Word for word, set down the records and skip each picture.
-- Supplied material follows --
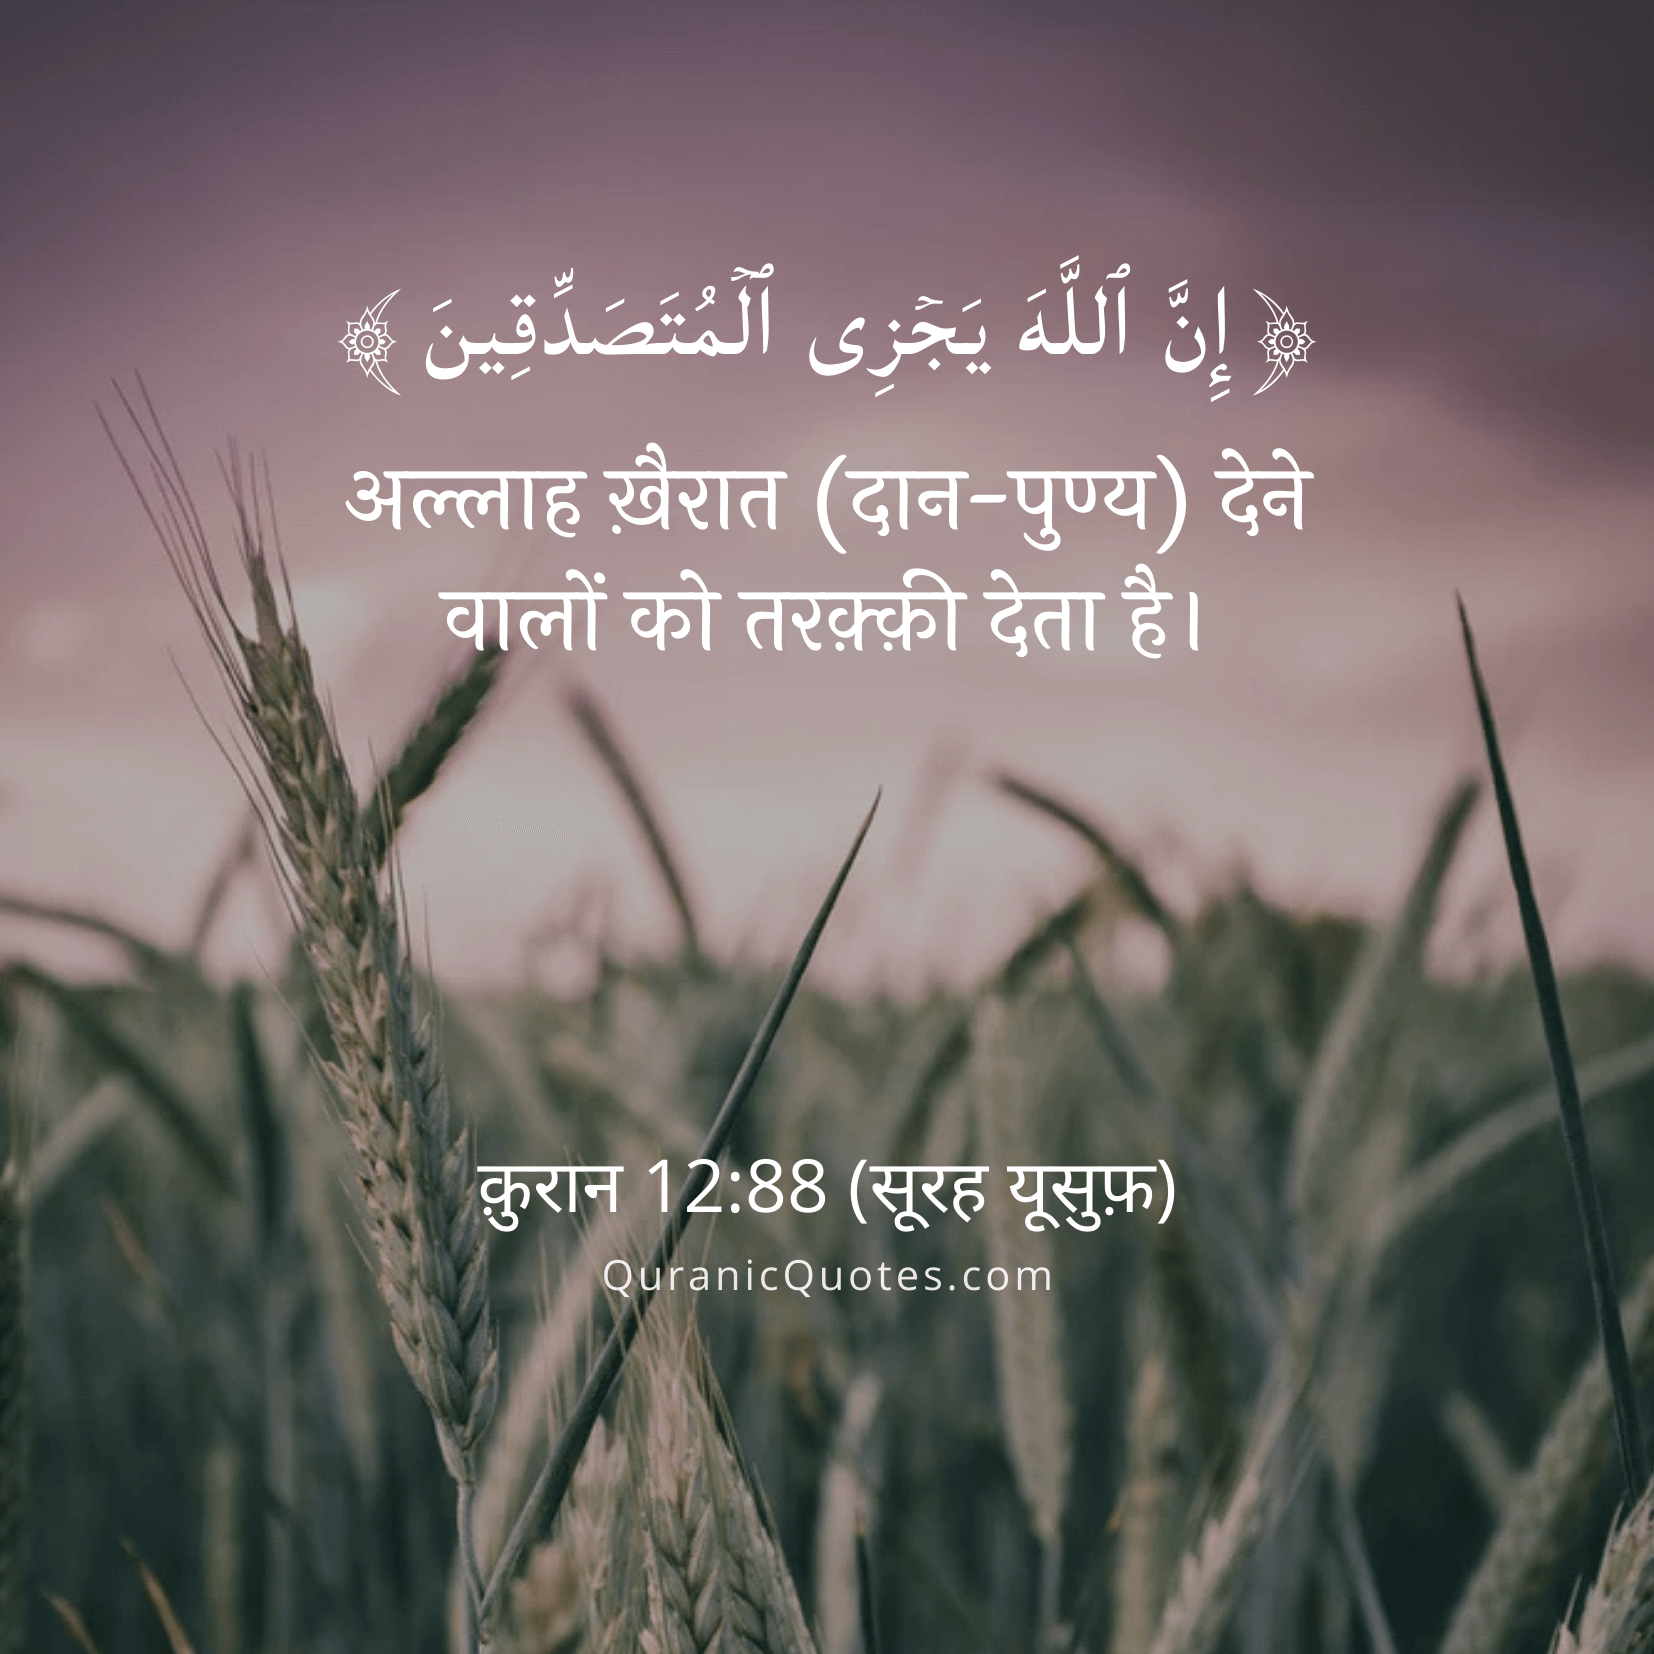 Quranic Quotes Hindi #192Quranic Quotes Hindi #212
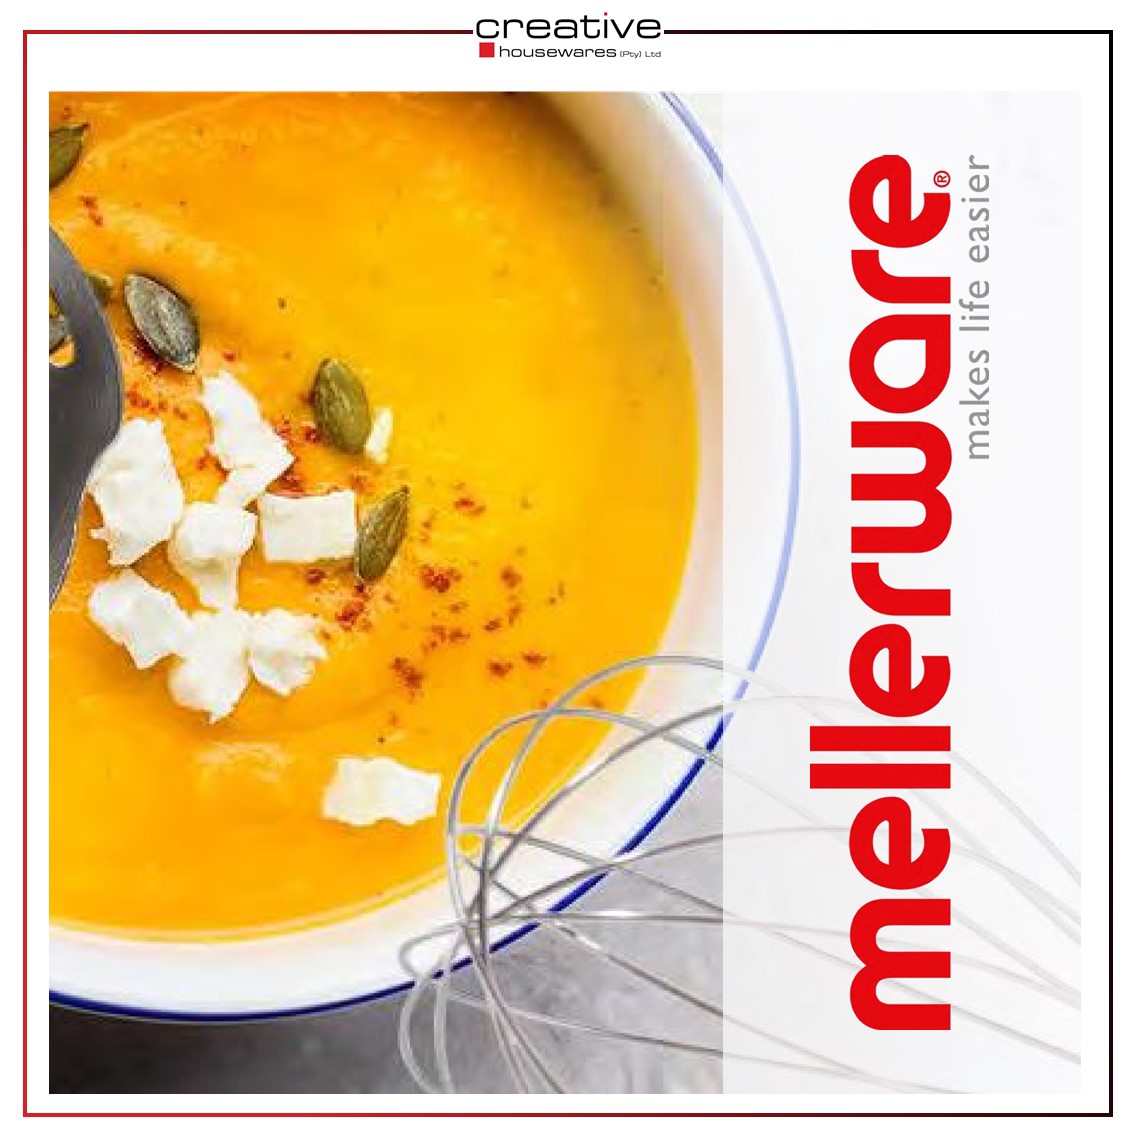 Creative Housewares - Mellerware 2021 Catalogue Catalogue
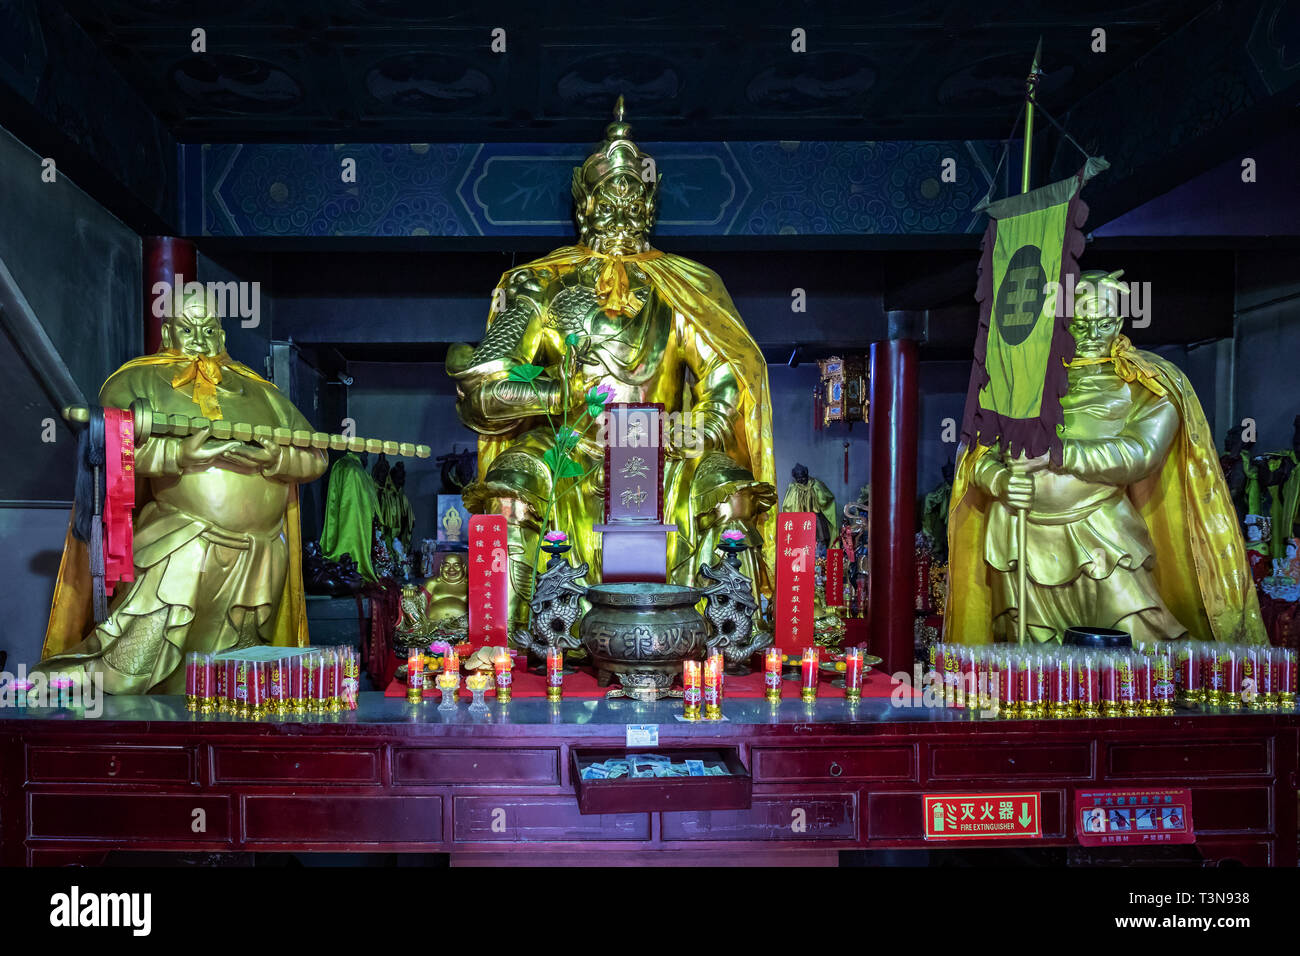 Chinese temple statues, Thousand Buddha Mountain, Jinan, Shandong province, China Stock Photo
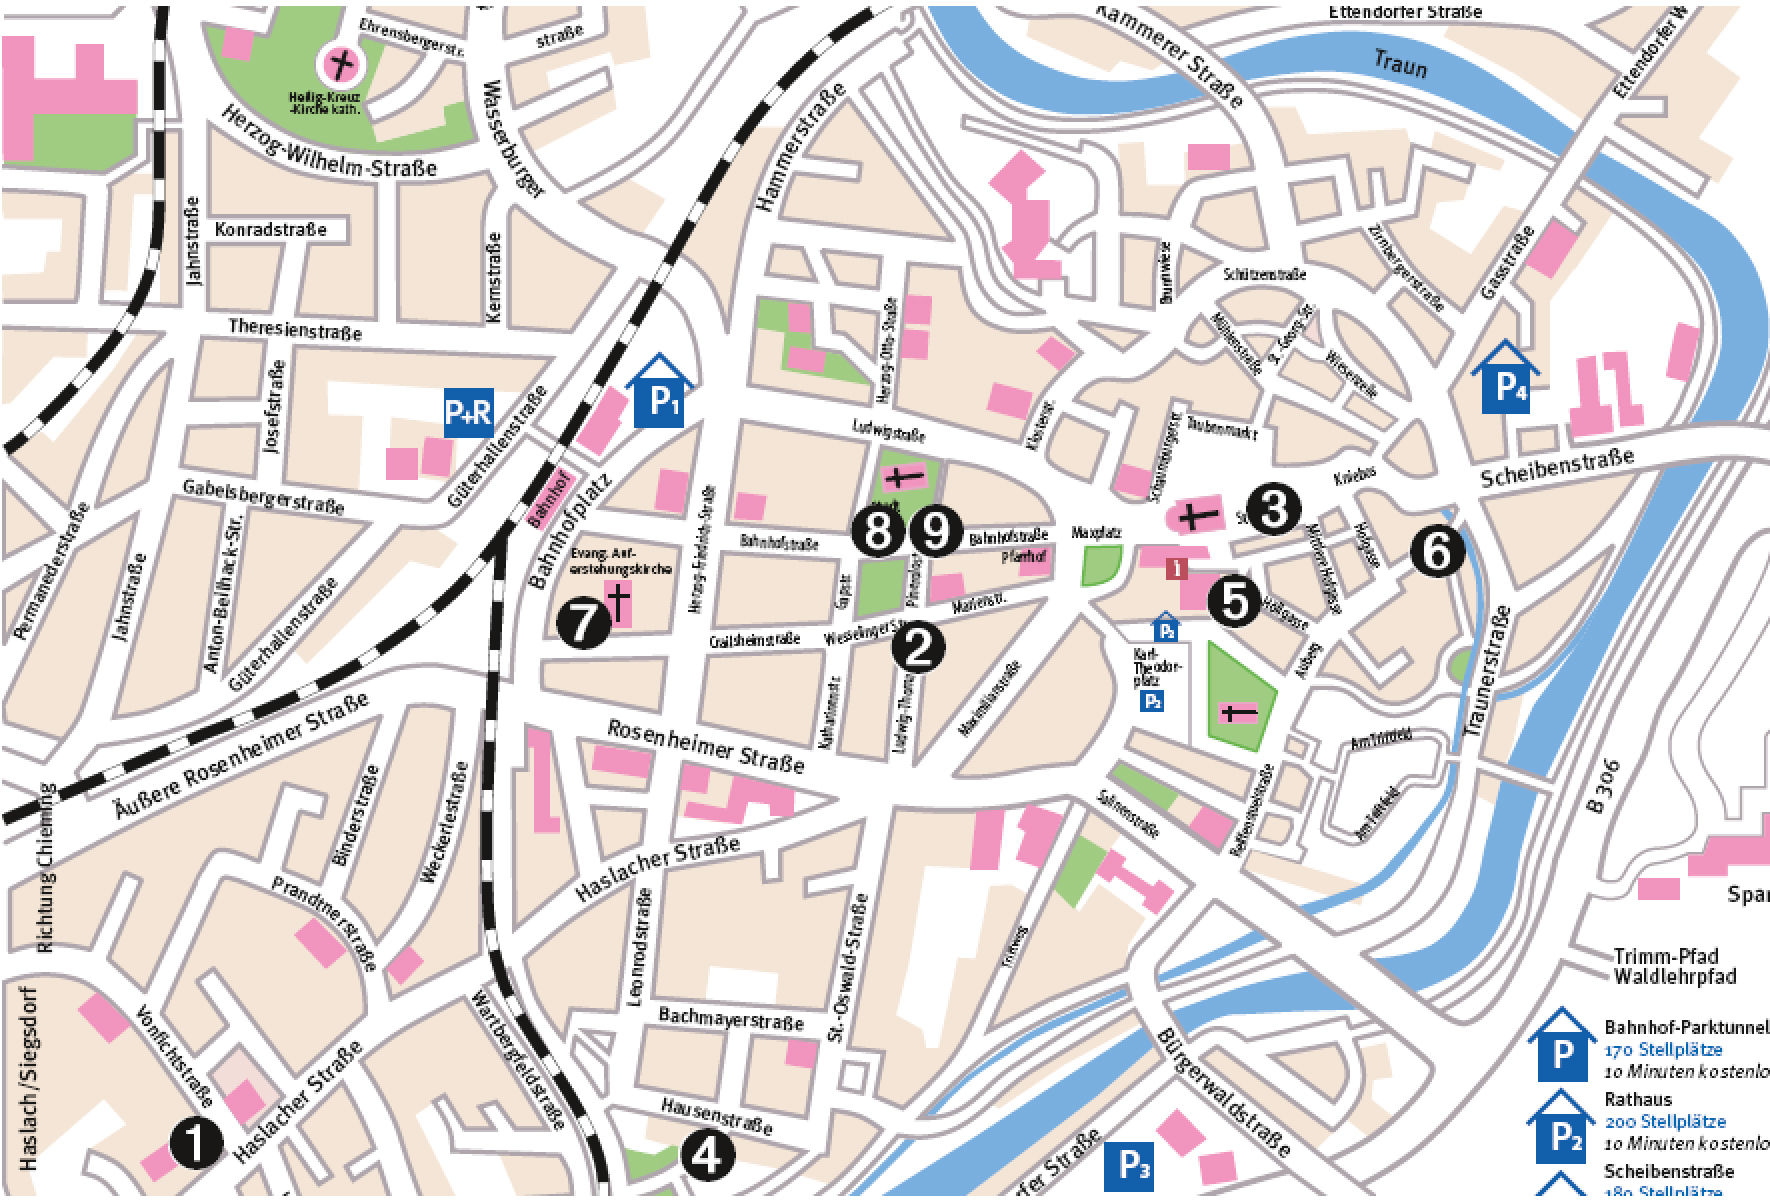 Stadtplan Traunstein mit Ausstellungsorten OJA 2018
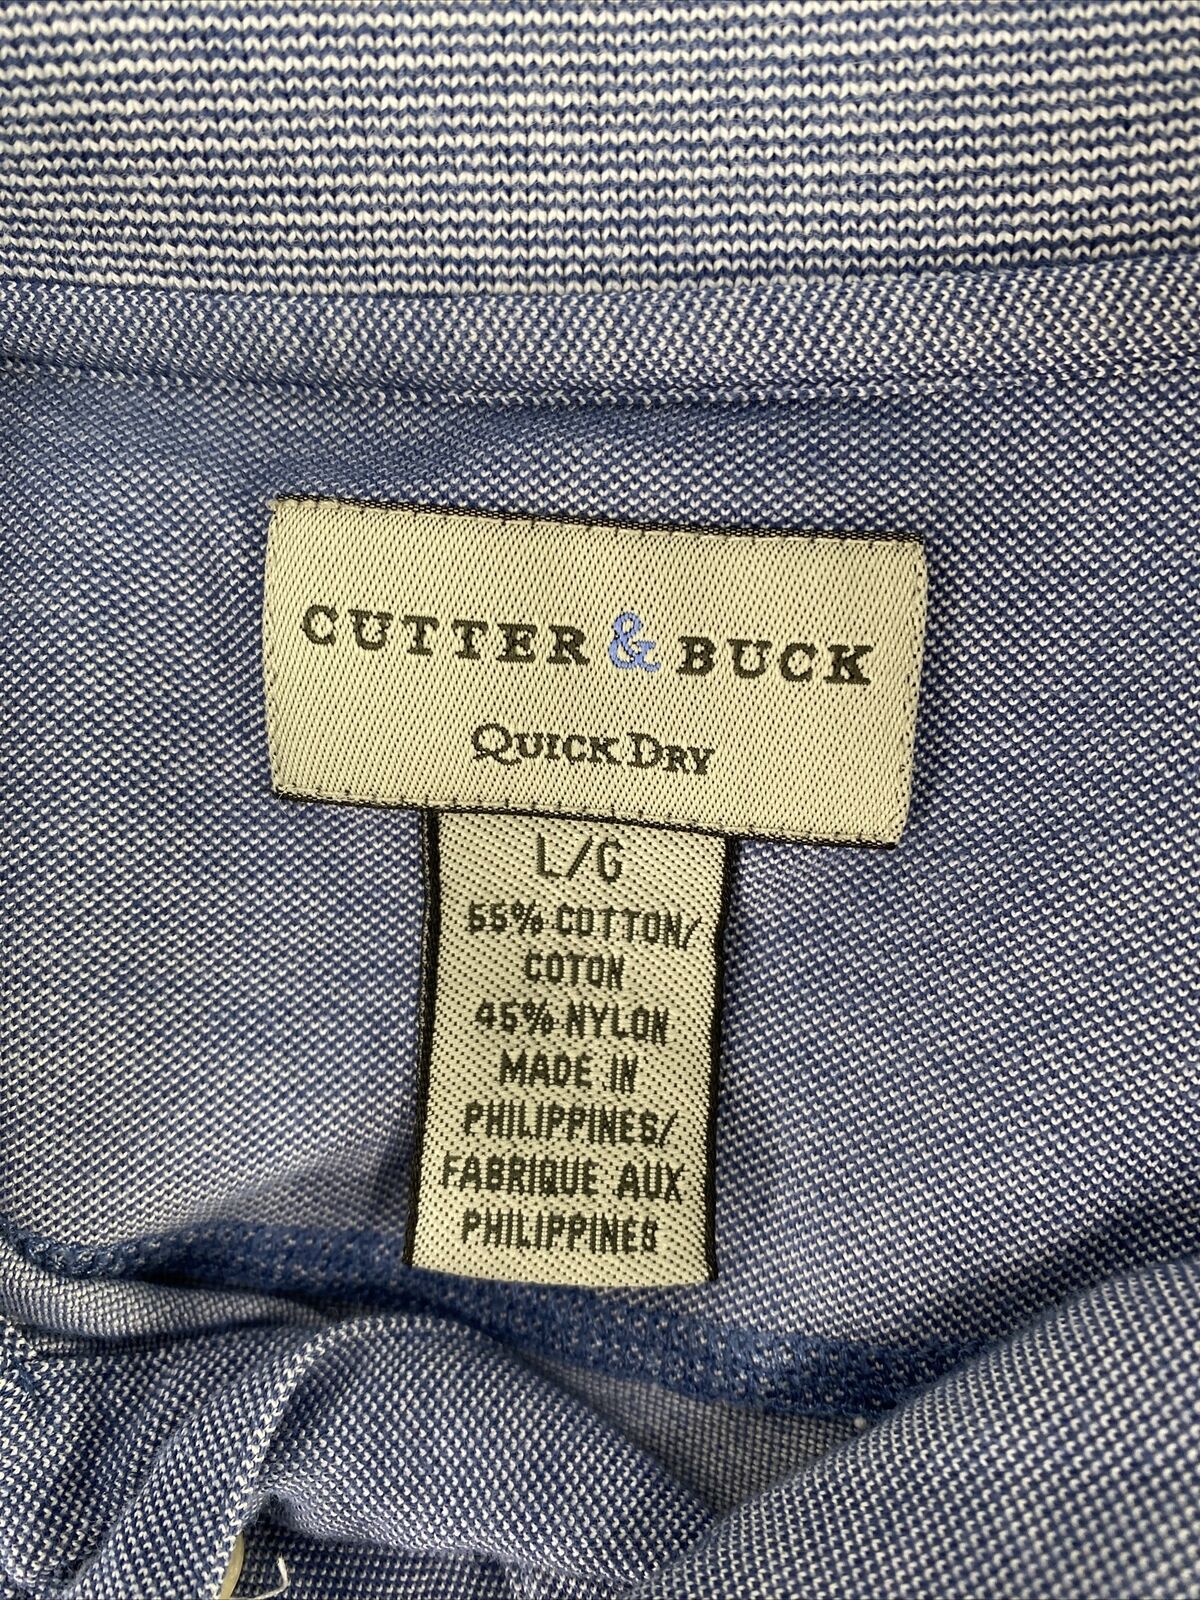 Cutter & Buck Mens Blue Quick Dry Short Sleeve Cotton Golf Polo Shirt - L
-- Supplied material concluded --
**Output of the exercise**.
 Quranic Quotes Hindi #192Quranic Quotes Hindi #212
 Creative Housewares - Mellerware 2021 Catalogue Catalogue
 Chinese temple statues, Thousand Buddha Mountain, Jinan, Shandong province, China Stock Photo
 Stadtplan Traunstein mit Ausstellungsorten OJA 2018
 Cutter & Buck Mens Blue Quick Dry Short Sleeve Cotton Golf Polo Shirt - L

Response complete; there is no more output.